Controlerende Gedrag

Voorbeelden van controlerend gedrag:

  • het Domineren van spelen met andere kinderen;
  • Ouderschap gedrag naar andere kinderen en volwassenen;
  • Intolerantie van ouderlijk toezicht;
  • Steeds boos, verdrietig en/of boos op hun controle ondervraagd e.g:
    • Niet hebben van een keuze over wat te eten;
    • Handhaving van bedtimes;
    • Extreme nood bij het horen van “nee”.

waarom vertonen pleegkinderen en geadopteerde kinderen controlerend gedrag?

om inzicht te krijgen in de behoefte van kinderen met een ontwikkelingstrauma om zich onder controle te voelen, is het nuttig om na te denken over ons begrip van het gedrag van baby ‘ s en peuters en dit opnieuw te interpreteren. Het is deze emotionele en relationele fase waar kinderen met een ontwikkelingstrauma vaak in vastzitten (zie artikelen over de theorie).

baby ‘ s en peuters hebben instinctief en meedogenloos controle over hun ouderfiguren. Ouders van pasgeborenen slapen wanneer de baby ze niet nodig heeft, eten als en wanneer ze de tijd krijgen en douchen wanneer er een kort gat in de behoefte aan kinderopvang ontstaat. Waarom zijn jonge kinderen zo controlerend? Het antwoord is echt simpel; ze moeten zijn! Als ze al die dingen niet zouden doen, dan zouden ze niet aan al hun cruciale emotionele, fysieke en psychologische behoeften voldoen. Baby ‘ s hebben een onbewuste, evolutionair geprogrammeerde kennis van wat ze nodig hebben om te floreren, inderdaad om te overleven.

toch zien we dit gedrag bij baby ‘ s niet als controlerend. Wij zien het over het algemeen als een uiting van behoefte en afhankelijkheid.

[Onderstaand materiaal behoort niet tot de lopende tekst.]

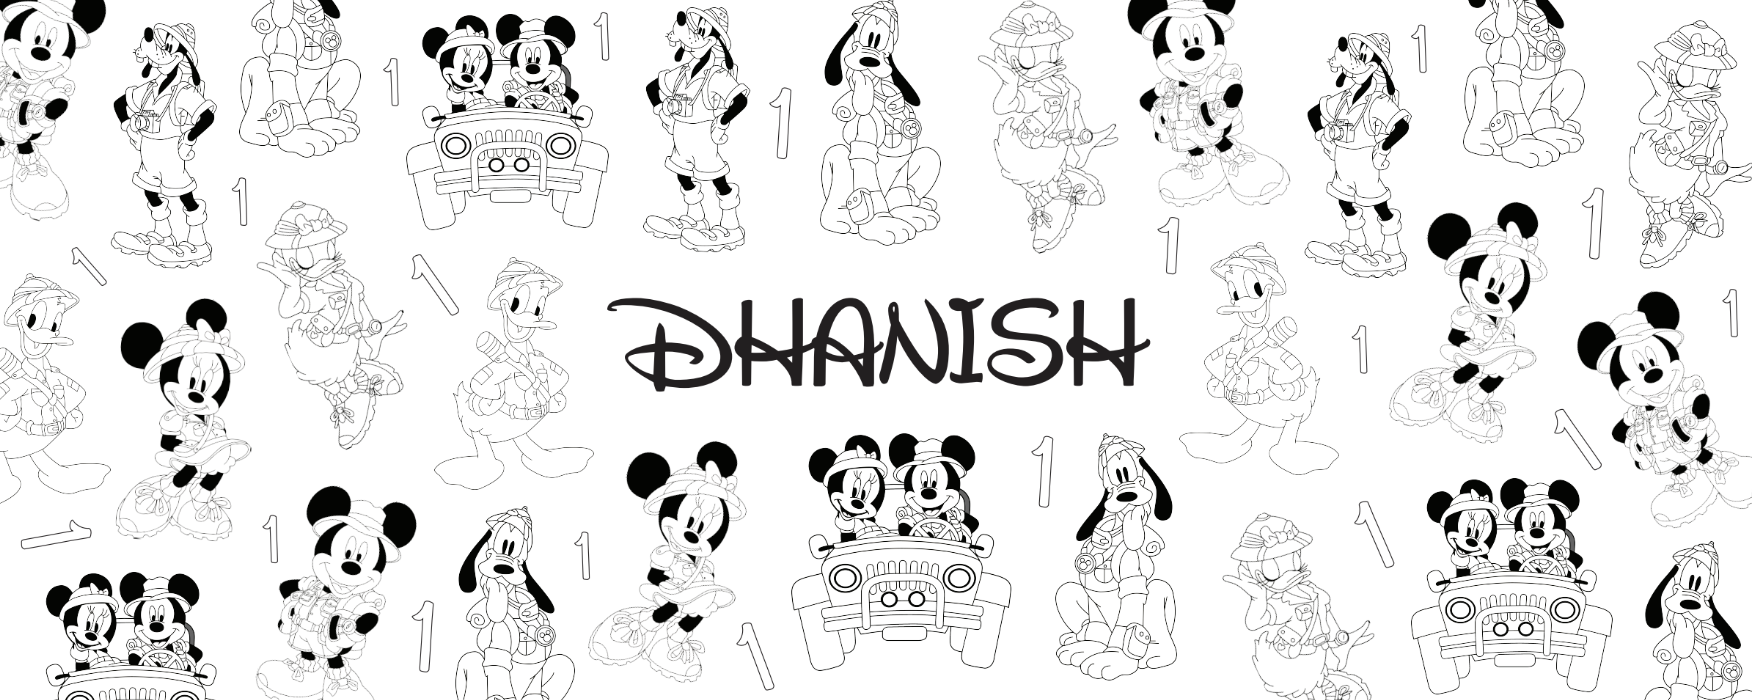 Mickey & friends colouring in table runner

Baby ‘ s ontwikkelen zich niet verder dan dit gedrag door expliciet onderwezen te worden of gedisciplineerd te worden uit hun behoeften. Wanneer aan dergelijke behoeften is voldaan door een periode waarin op voorspelbare en consistente wijze aan deze behoeften wordt voldaan, heeft het kind een afnemende behoefte om zijn controle uit te oefenen. Het controlerend gedrag van kinderen neemt geleidelijk af en tijdens de Midden-en latere kinderjaren is het kind geleidelijk in staat om in steeds meer eigen behoeften te voorzien.

baby ‘ s hebben instinctief controle, want anders zouden ze het gewoon niet overleven. Fascinerende nieuwe wetenschappelijke ontwikkelingen tonen aan dat dit overleven niet alleen te danken is aan het succes van baby’ s in het voeden en beschermen. Er is nu bewijs dat afgestemde, gevoelige interacties met ouderfiguren de ontwikkeling van de hersenen vormen en een gebrek daaraan kan zelfs primitieve hersenfuncties beïnvloeden zoals het vermogen om de ademhaling en de slikreflex te reguleren (1). Baby ‘ s kunnen dus fysiek goed worden verzorgd, maar toch risico lopen op fysieke schade, nog afgezien van de psychologische en emotionele schade die kan worden veroorzaakt.Dus als het gedrag van baby’ s inherent controlerend is, maar toch volledig aanvaardbaar is en we begrijpen dat pleegkinderen en geadopteerde kinderen in de babyfase altijd emotioneel en relationeel vastzitten, dan wordt hun controlerend gedrag volkomen zinvol, begrijpelijk en in feite noodzakelijk.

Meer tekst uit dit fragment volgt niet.